==== Listed records

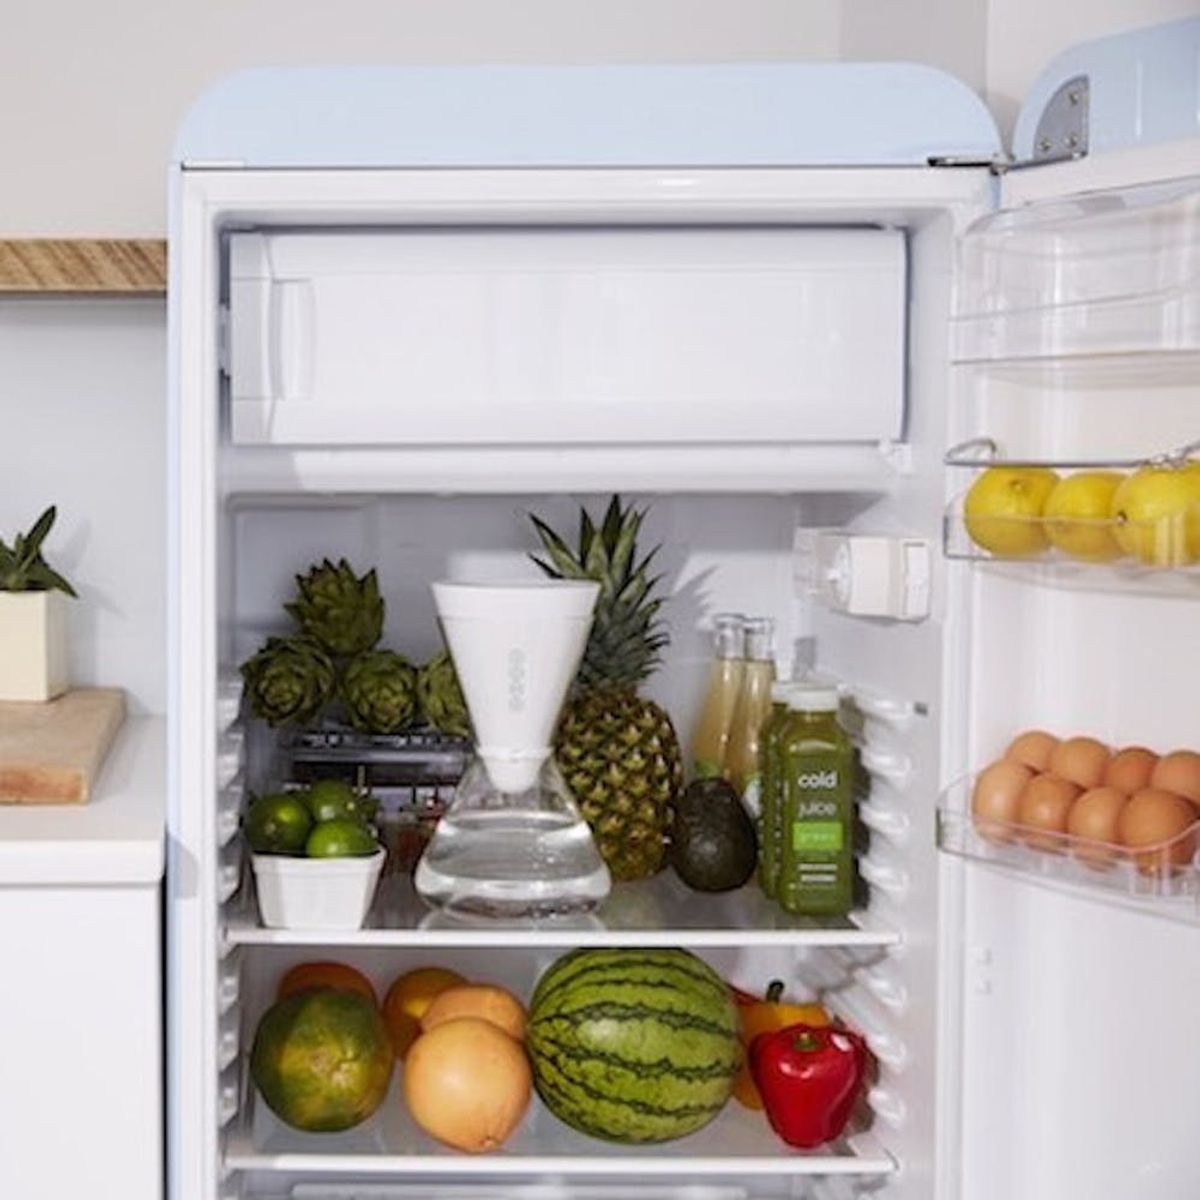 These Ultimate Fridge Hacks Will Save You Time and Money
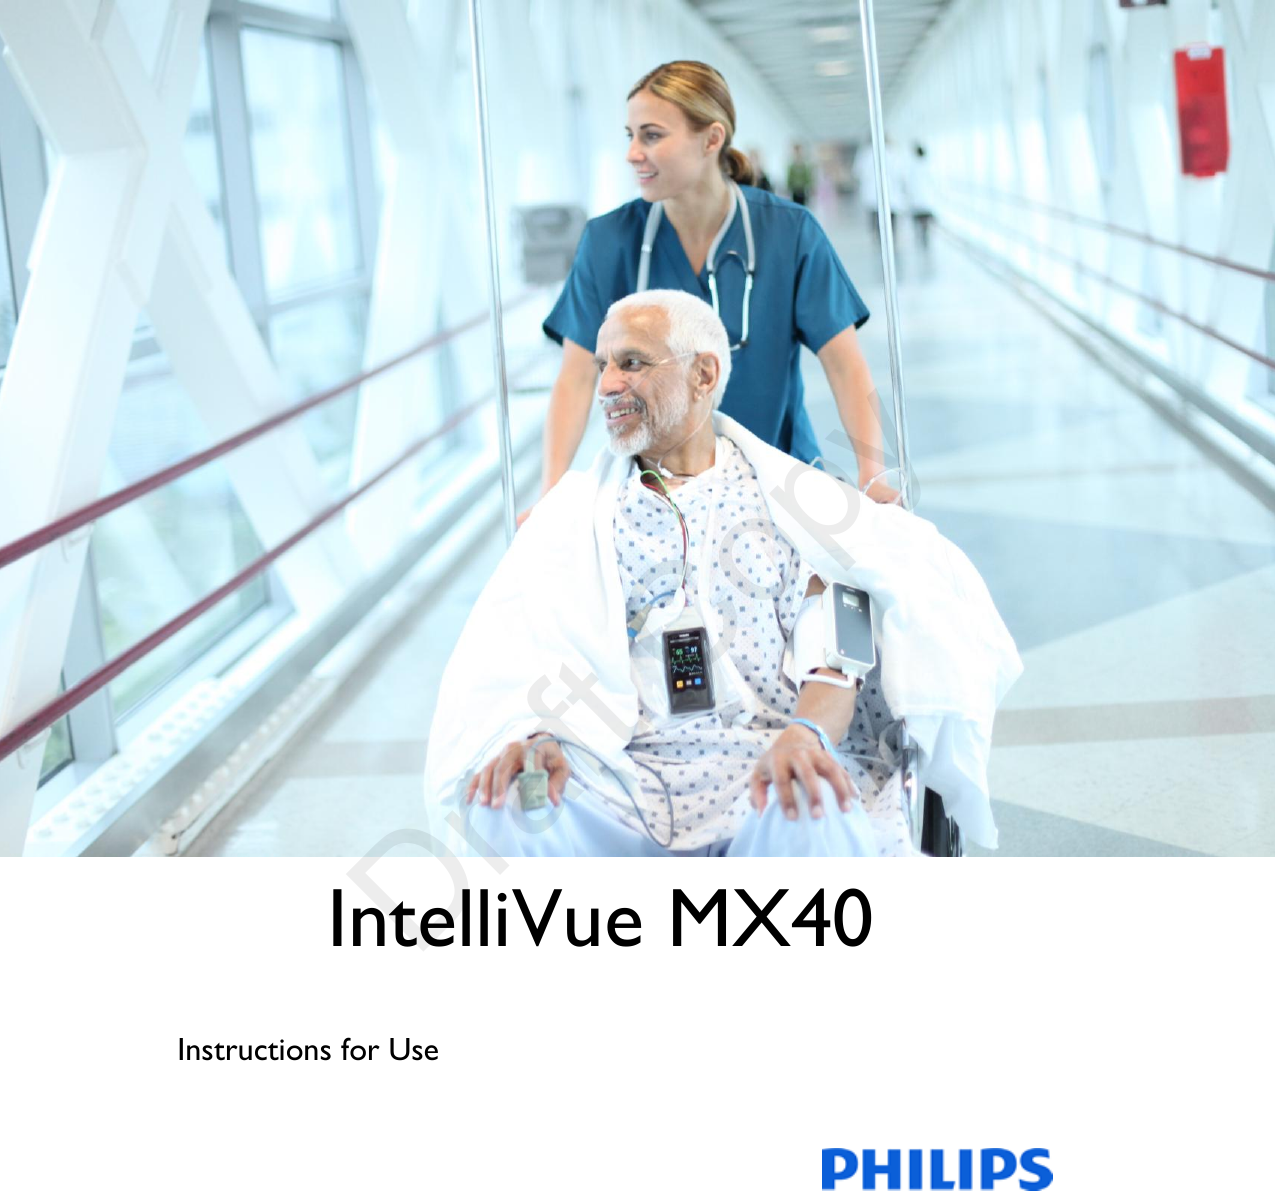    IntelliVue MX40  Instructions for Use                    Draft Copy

========
==== Listed records

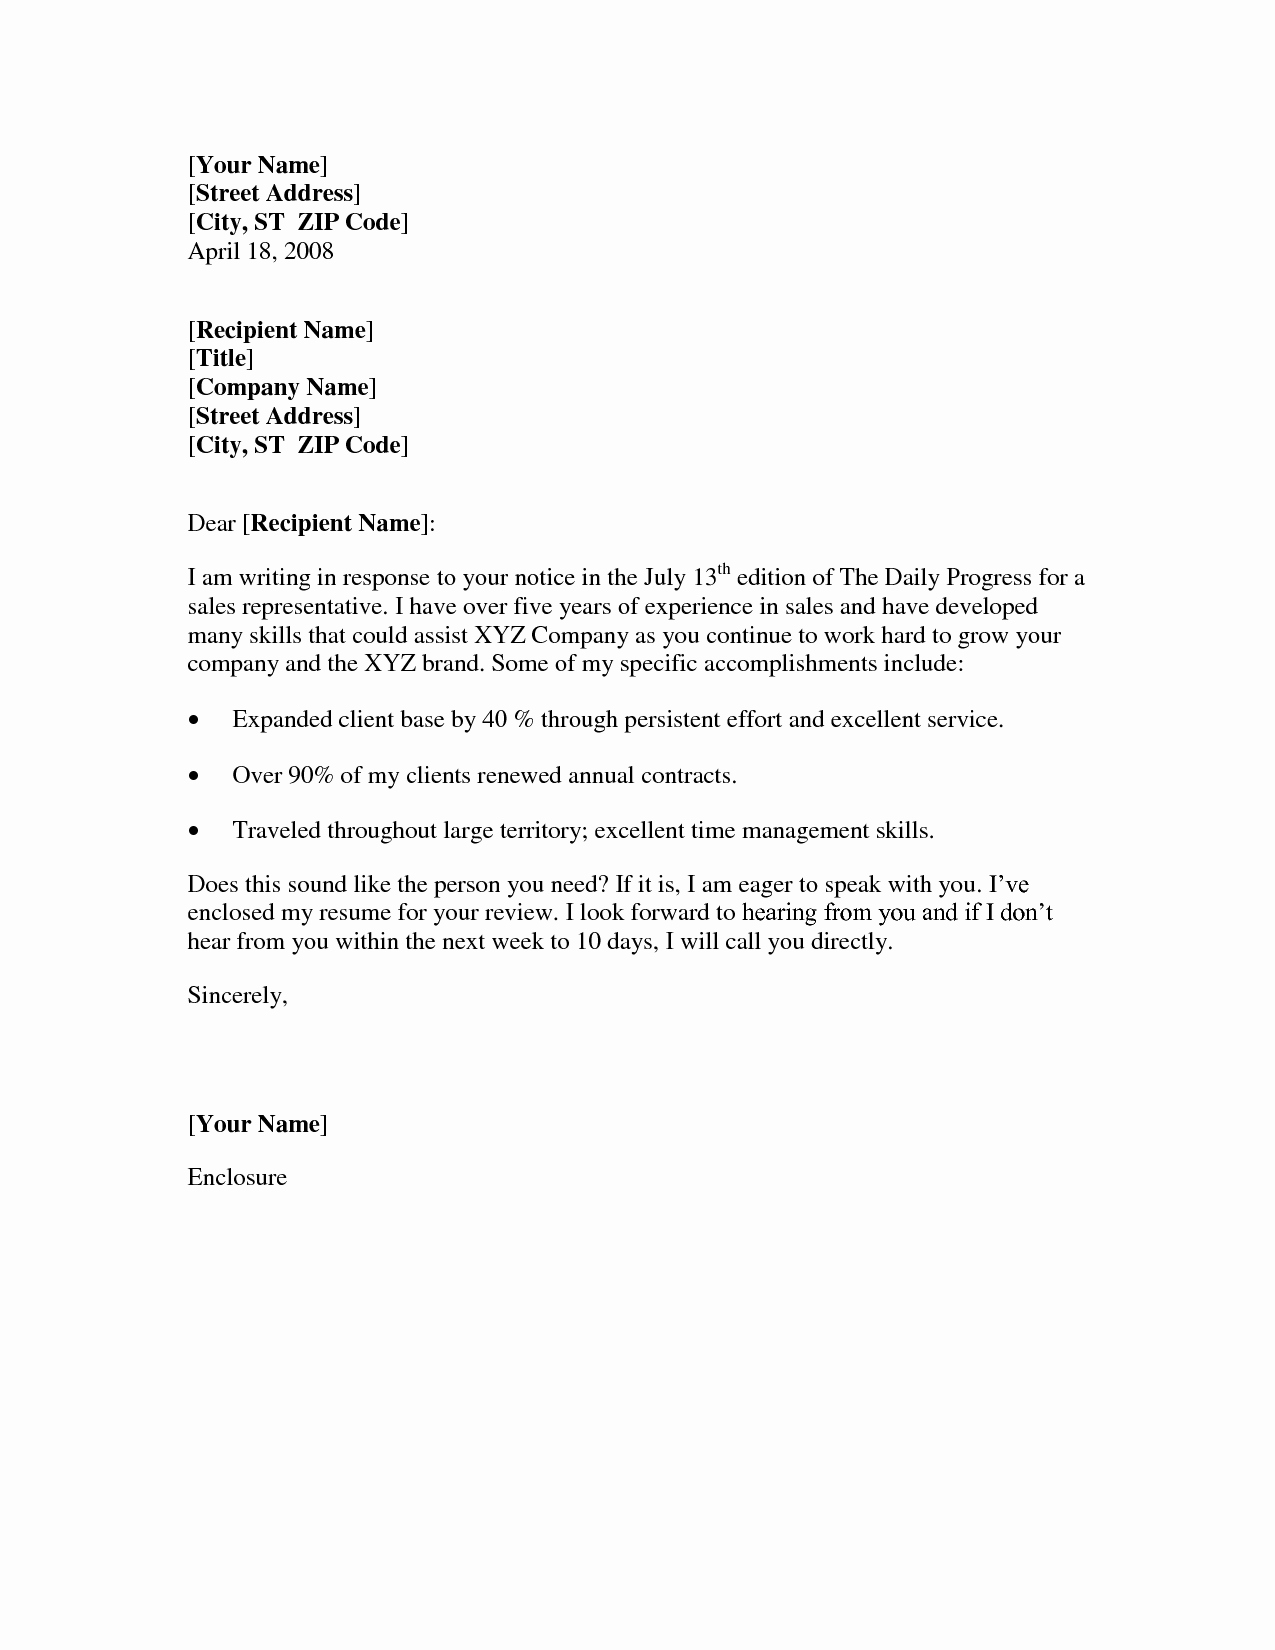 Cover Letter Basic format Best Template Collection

========
==== Listed records

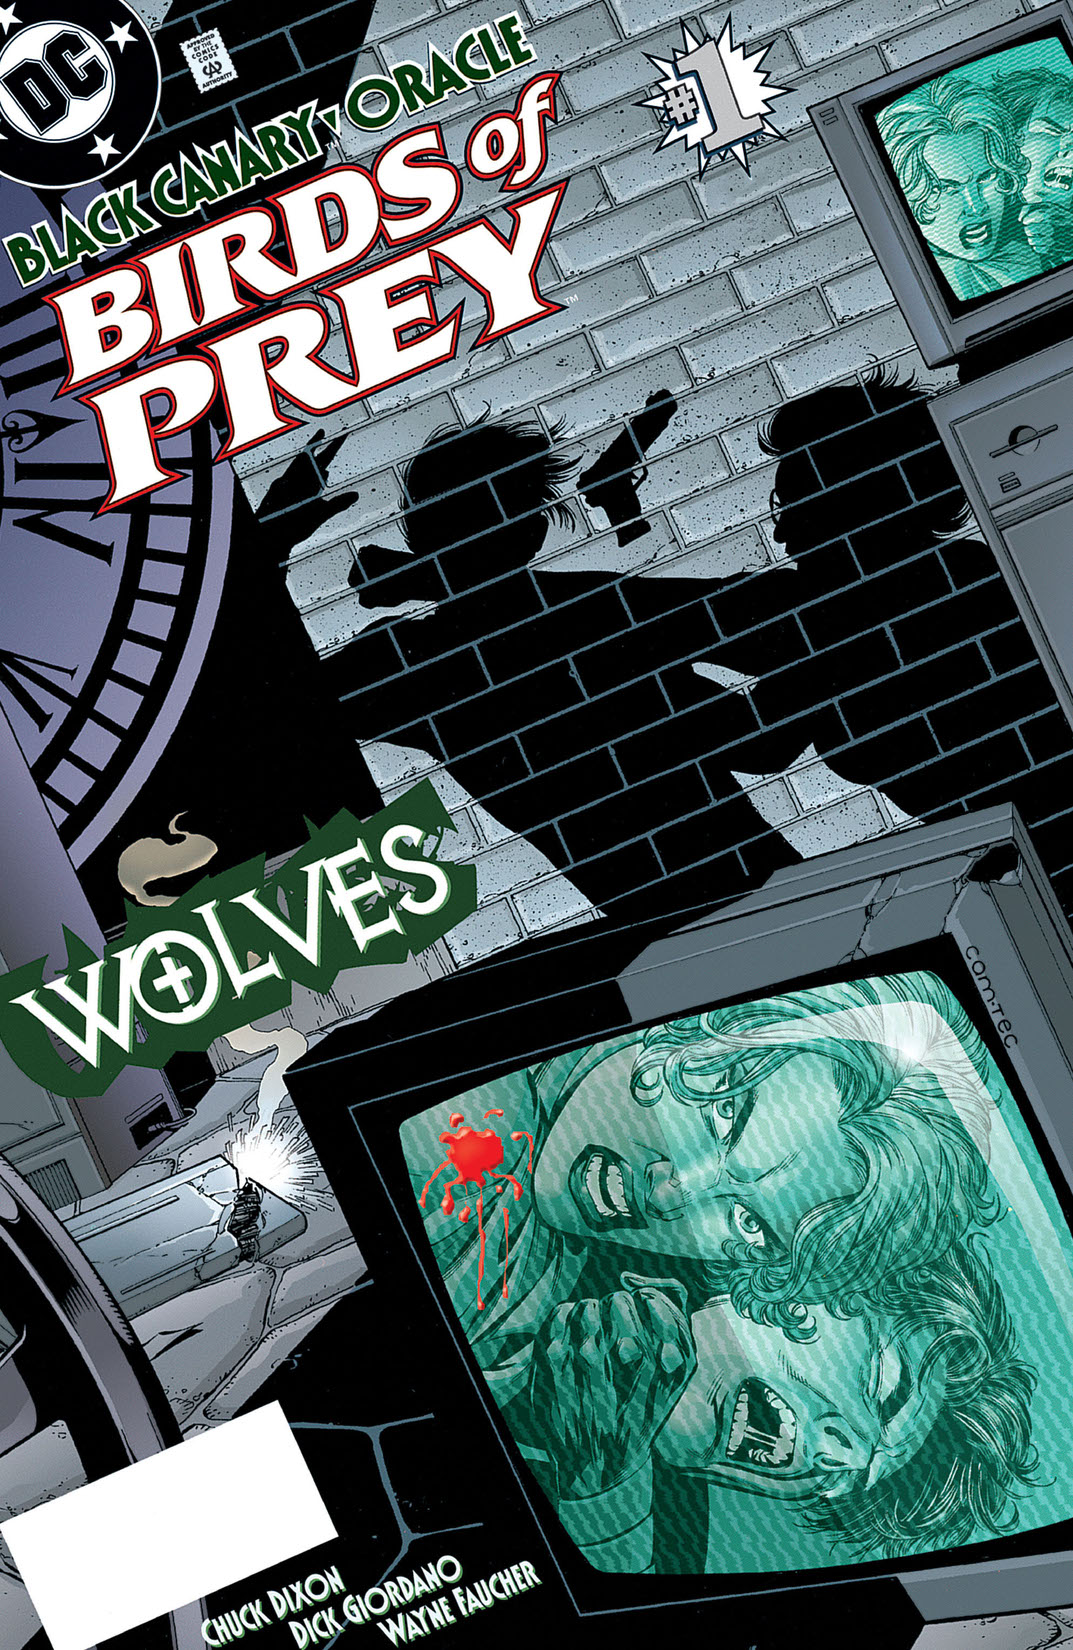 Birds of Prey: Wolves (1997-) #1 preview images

========

## [Directions]
Given the listing above, retype only the span of lines from the line with "These Ultimate Fridge" up to and including the line with "Instructions for Use", exactly as it stands and without pictures.

## [Solution below]
 These Ultimate Fridge Hacks Will Save You Time and Money
    IntelliVue MX40  Instructions for Use                    Draft Copy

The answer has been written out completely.